Without the pictures, write the listing below out again, line for line.

- **COLLECTED MATERIAL**
:::::
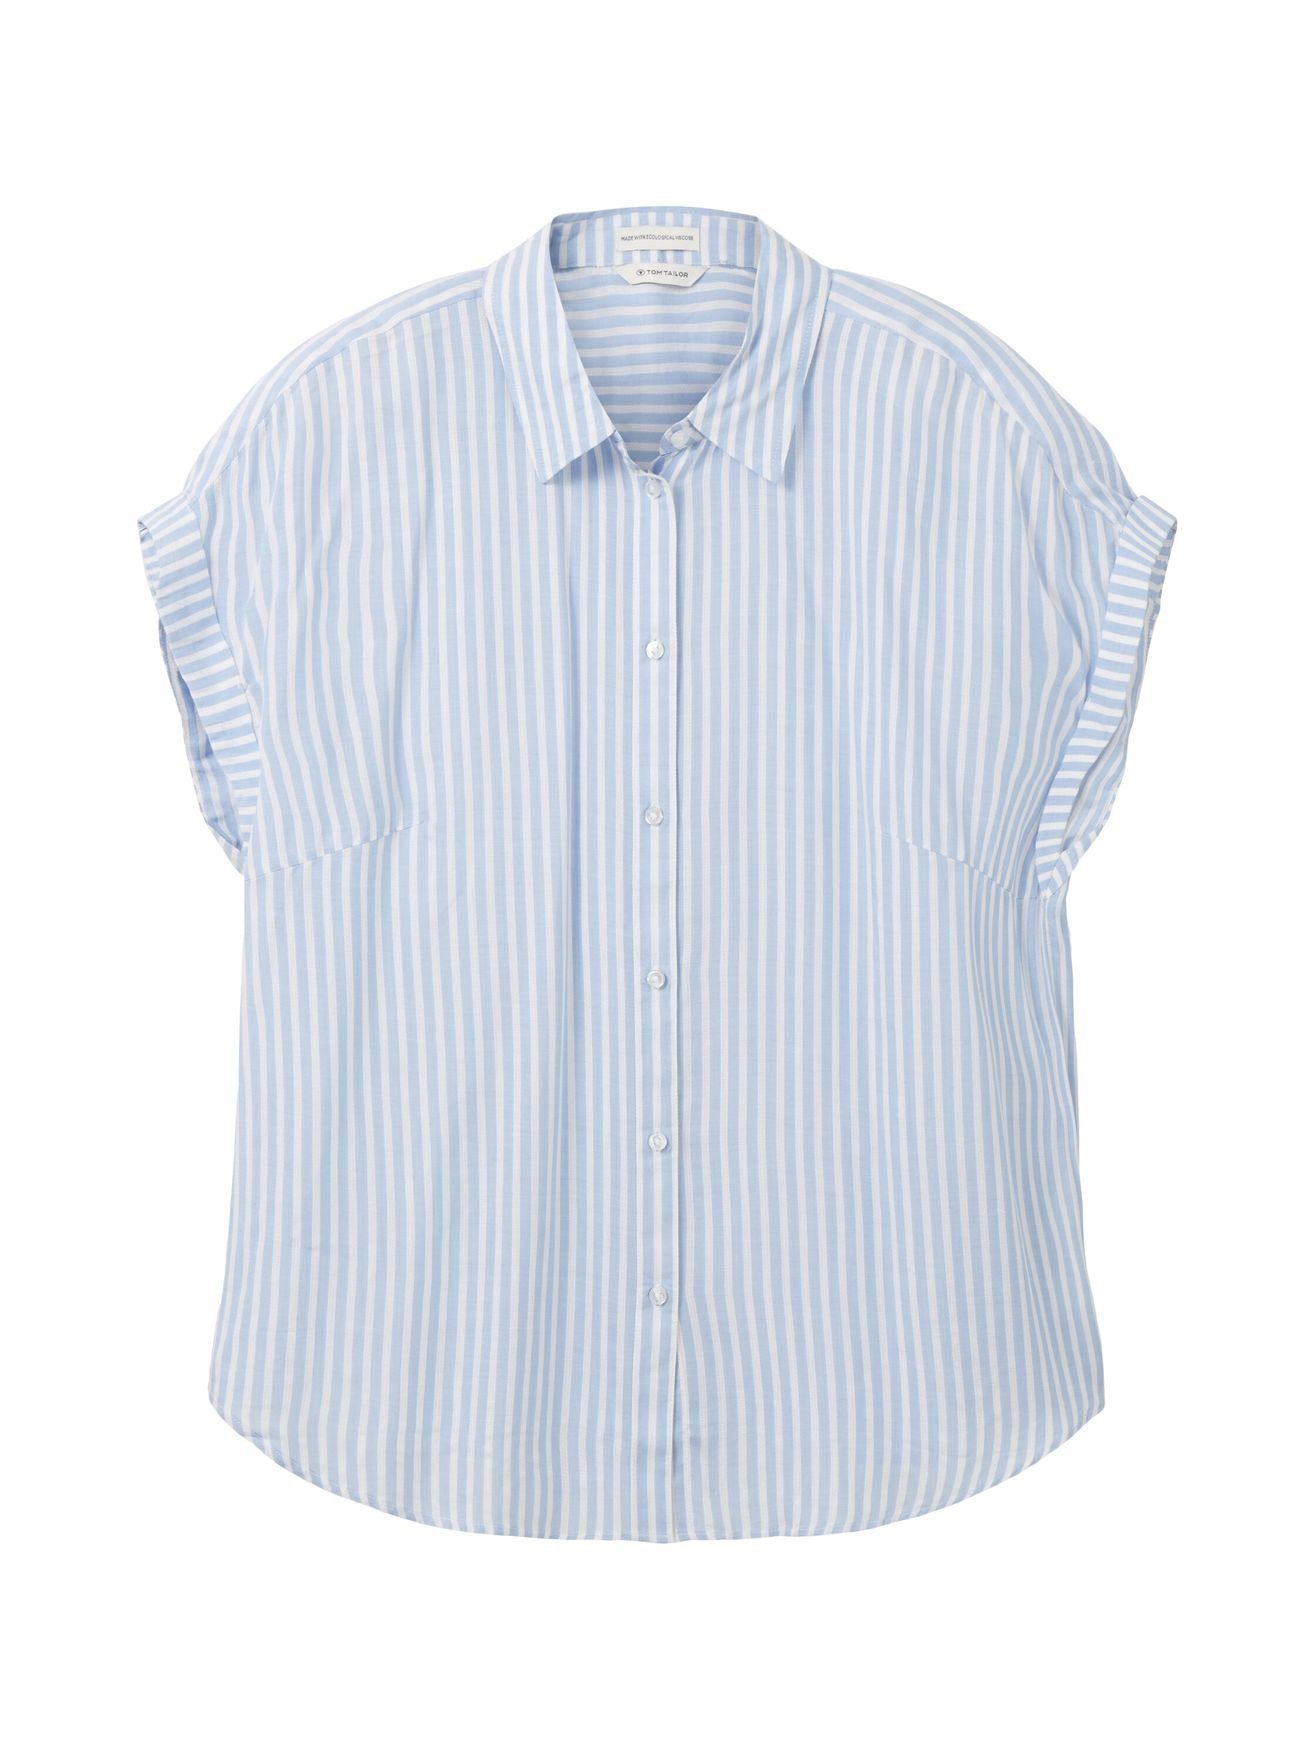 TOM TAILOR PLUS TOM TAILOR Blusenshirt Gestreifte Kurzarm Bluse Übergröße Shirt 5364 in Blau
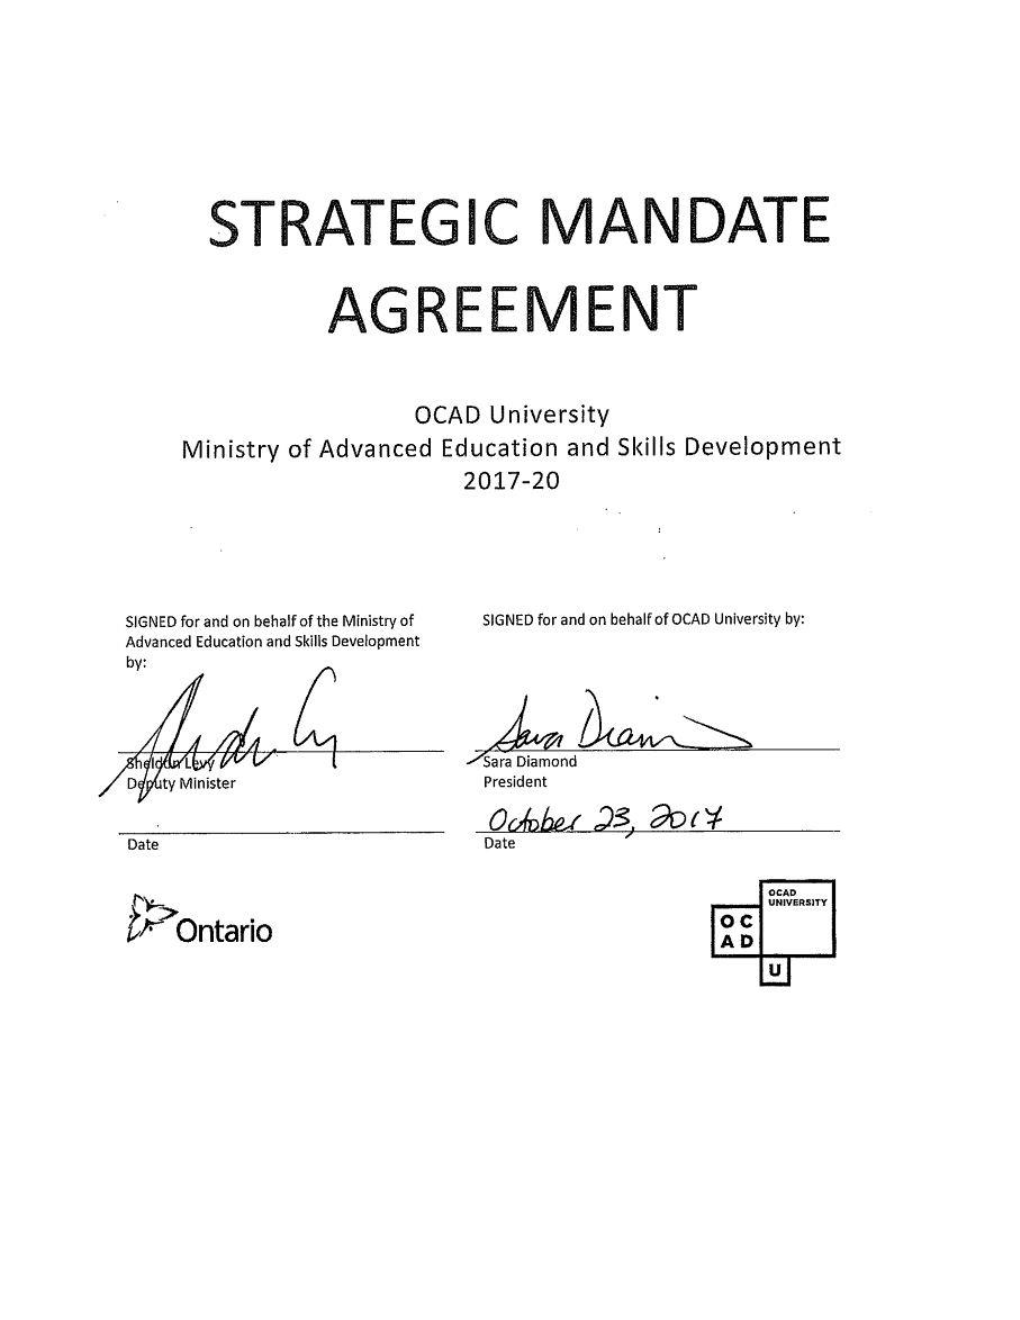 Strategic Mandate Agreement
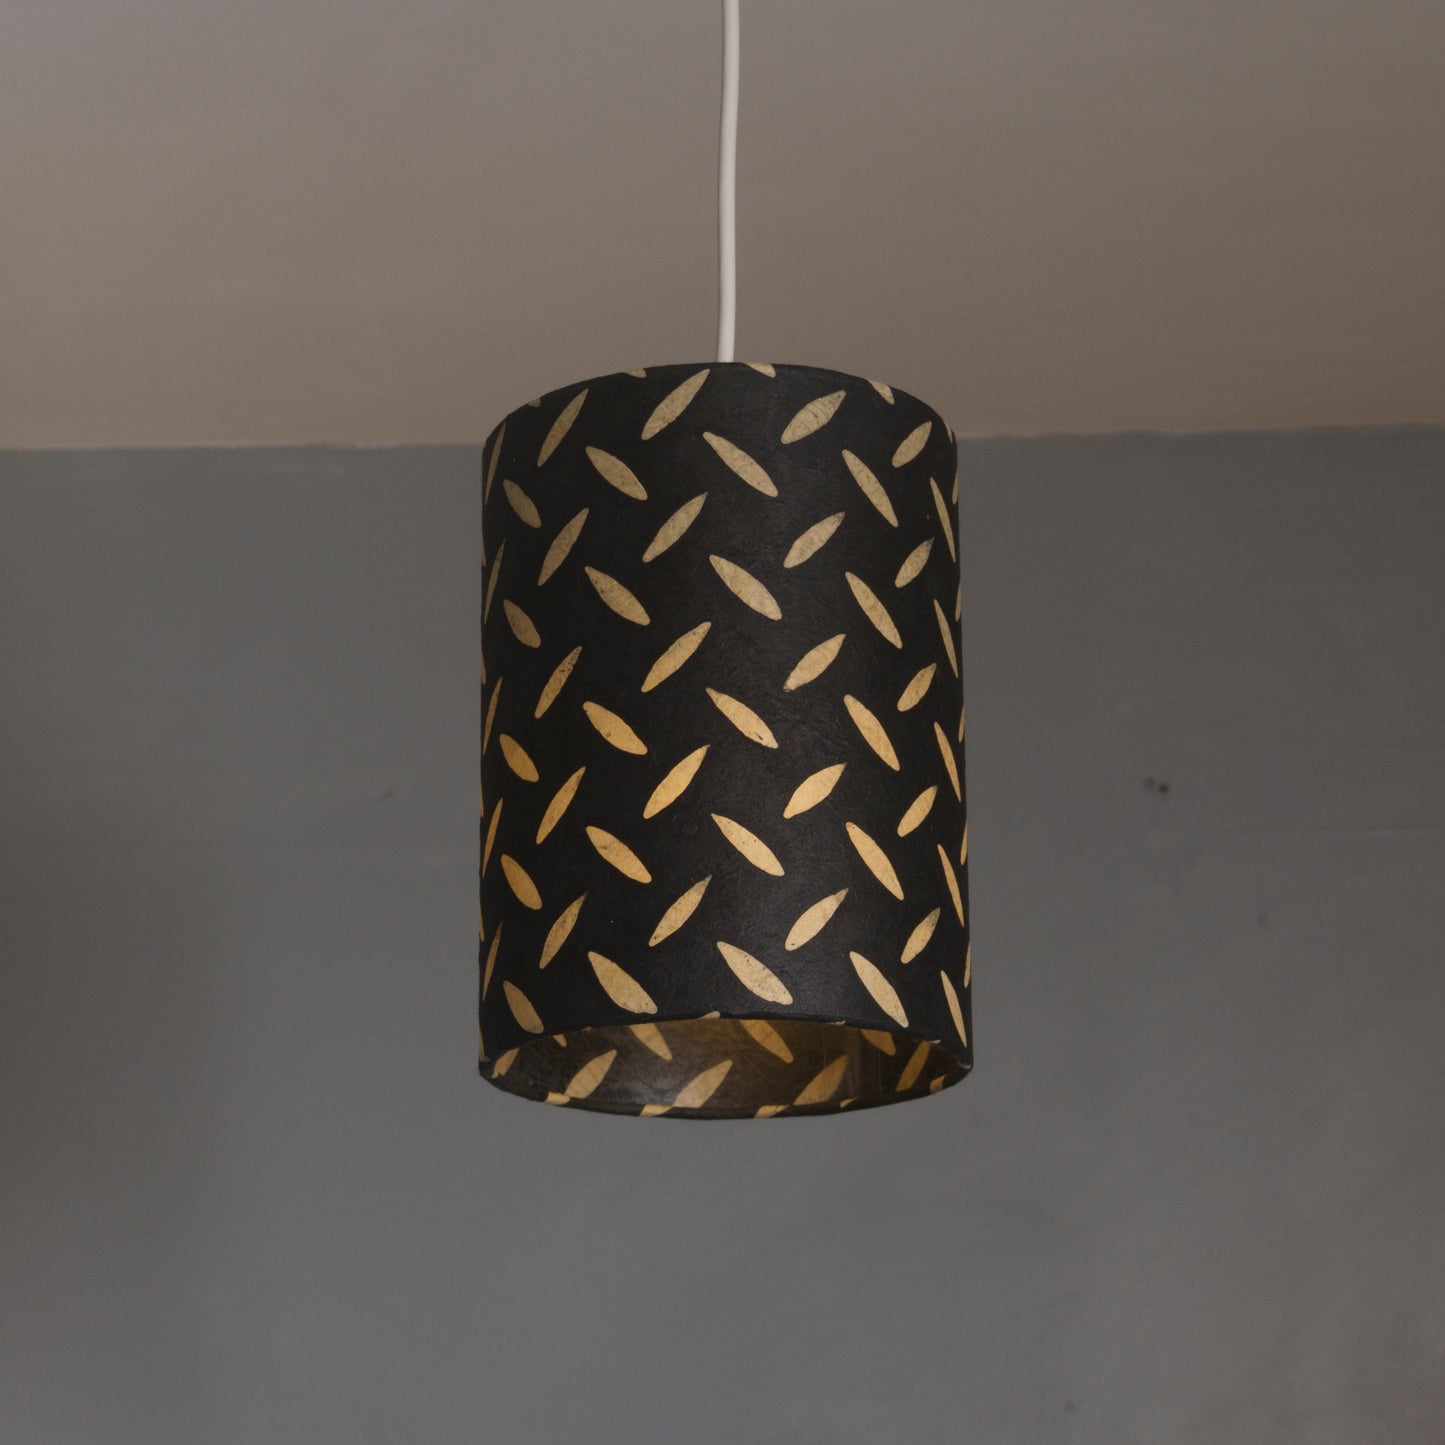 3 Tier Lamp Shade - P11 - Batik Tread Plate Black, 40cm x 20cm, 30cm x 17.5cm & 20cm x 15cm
:::::
- **RESULT**
 TOM TAILOR PLUS TOM TAILOR Blusenshirt Gestreifte Kurzarm Bluse Übergröße Shirt 5364 in Blau
 Strategic Mandate Agreement
 3 Tier Lamp Shade - P11 - Batik Tread Plate Black, 40cm x 20cm, 30cm x 17.5cm & 20cm x 15cm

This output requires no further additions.